Pendulum

Feedback Control

Pendulum Feedback Control

Considering a simple pendulum: a mass m is attached to a massless rigid rod, and is constrained to move along an arc of a circle centered at the pivot point; assuming L is the fixed length of the connecting rod, \theta is the angle it makes with the vertical axis, there is a friction with a coefficient d and an external torque \tau applied at the base.

It is possible to derive the governing equations for the motion of the mass, and an equation which can be solved to determine the period of oscillation.

Single pendolum

It would be possible to use generalized Lagrange or Hamilton formulation, but since the system is relatively simple, the equations can be derived from Newton laws directly.
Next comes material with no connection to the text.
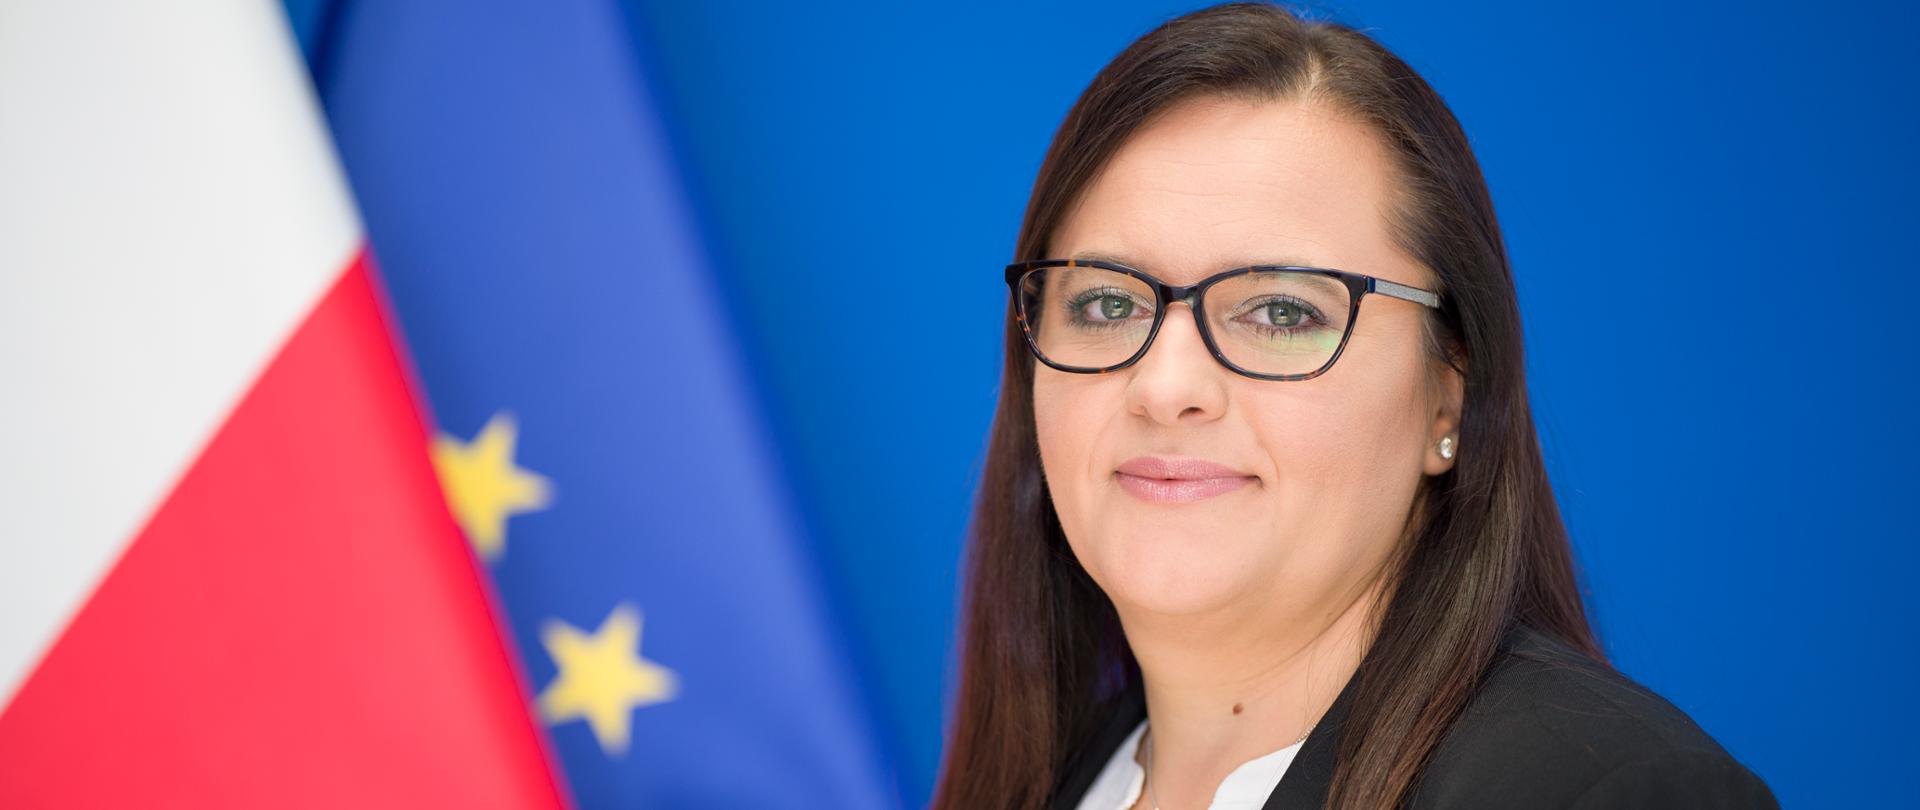 minister Małgorzata Jarosińska-Jedynak patrzy w stronę fotografującego, za nią flagi Polski i Unii Europejskiej
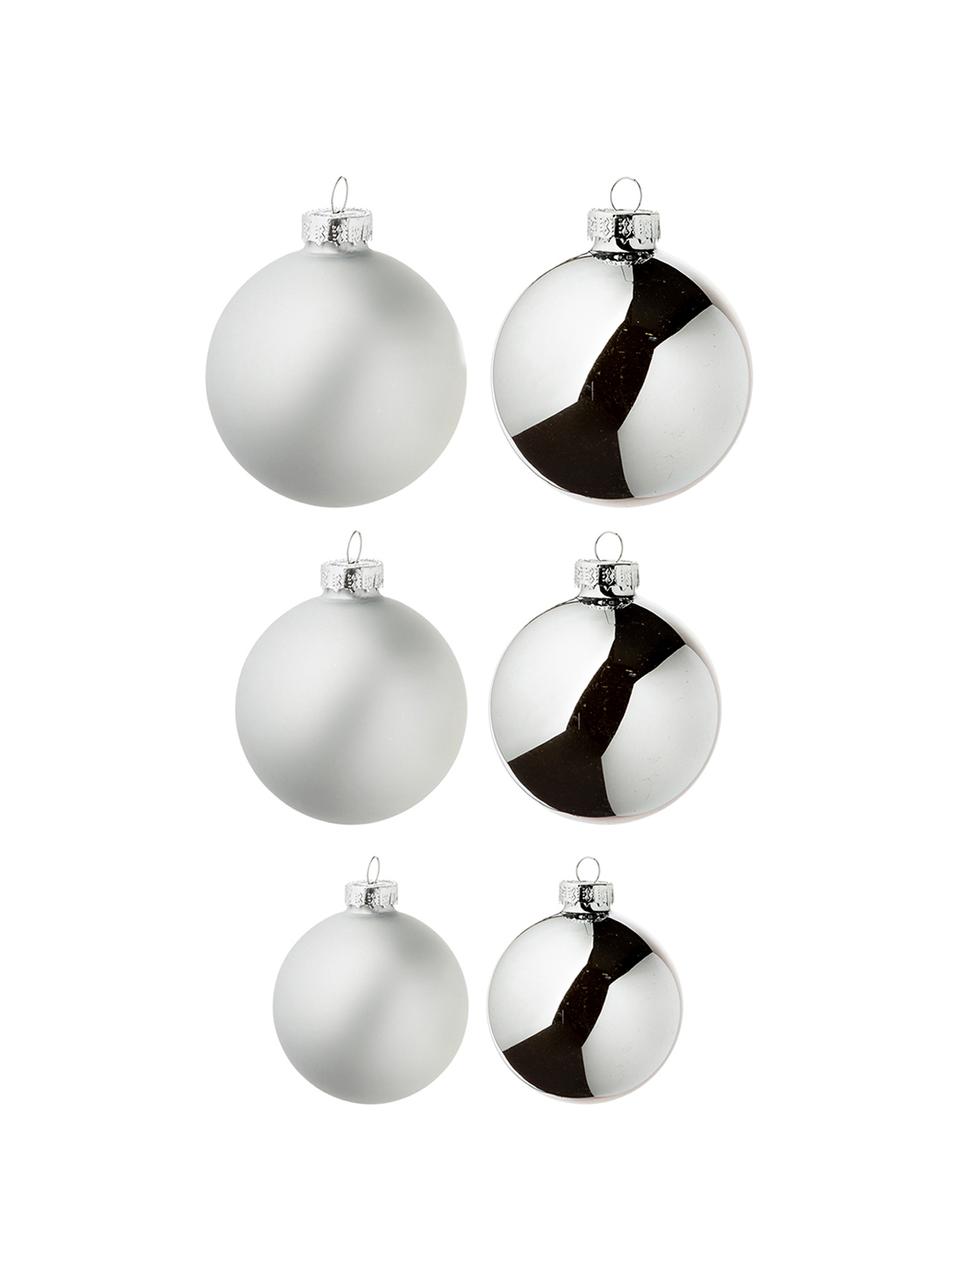 Kerstballenset Nessa, 26-delig, Glas, Zilverkleurig, Set met verschillende formaten

The pendulum is constrained to move along an arc, it is possible to write Newton equation for the displacement of the pendulum along the arc with the origin at the bottom and a positive direction to the right.

Three forced applied:

  • conservative gravitational force g;
  • non conservative friction \mu;
  • external torque \tau.

These forces can be specified for the system:

  • the gravitation force can be split on two part: a component directed from the pivot to the pendulum which balanced by the tension T in the rod and a component along the arc (-m\,\,g\,\sin(\theta));
  • the friction is going along the arc in the opposite direction proportional to the angular velocity (-\mu\, \dot \theta);
  • a torque \tau = u that will have to be apply to the pendulum (mLu).

Using Newton’s second law:

\begin{aligned} & \mathbf F = m\,\mathbf a = m\,L \, \ddot \theta\\ & -m \, g\, \sin(\theta) -d\,L\,\dot \theta + m\, L\, u = m \,L\, \ddot \theta \\ &\ddot \theta = -\dfrac{g}{L}\sin(\theta) - \dfrac{d}{m}\dot \theta + u = -\omega^2 \sin(\theta) -\gamma \dot \theta + u \end{aligned}

where \omega = \sqrt{\frac{g}{L}} is the natural frequency of the pendulum and \gamma = \frac{\mu}{m}.

Introducing the state \mathbf x = [\theta \quad \dot \theta]^T, given by the angular position \theta and velocity \dot \theta, this second order differential equation can be rewritten as a system of first order equations:

\begin{aligned} & \dot{\mathbf{x}} = \mathbf{f} (\mathbf{x}) \\ & \dfrac{\mathrm d}{\mathrm dt} \begin{bmatrix} x_1 \\ x_2 \end{bmatrix} = \begin{bmatrix} x_2 \\ -\omega^2 \sin(x_1) -\gamma x_2 - u \end{bmatrix} \end{aligned}

This is a non-linear system, and it is impossible to find an exact solution for it, but it is possible to analyze this system around its points of equilibrium and their respective stability.

System linearization

Given a nonlinear input-output system:

\frac{\mathrm d}{\mathrm dt} \mathbf x = f(\mathbf x, \mathbf u)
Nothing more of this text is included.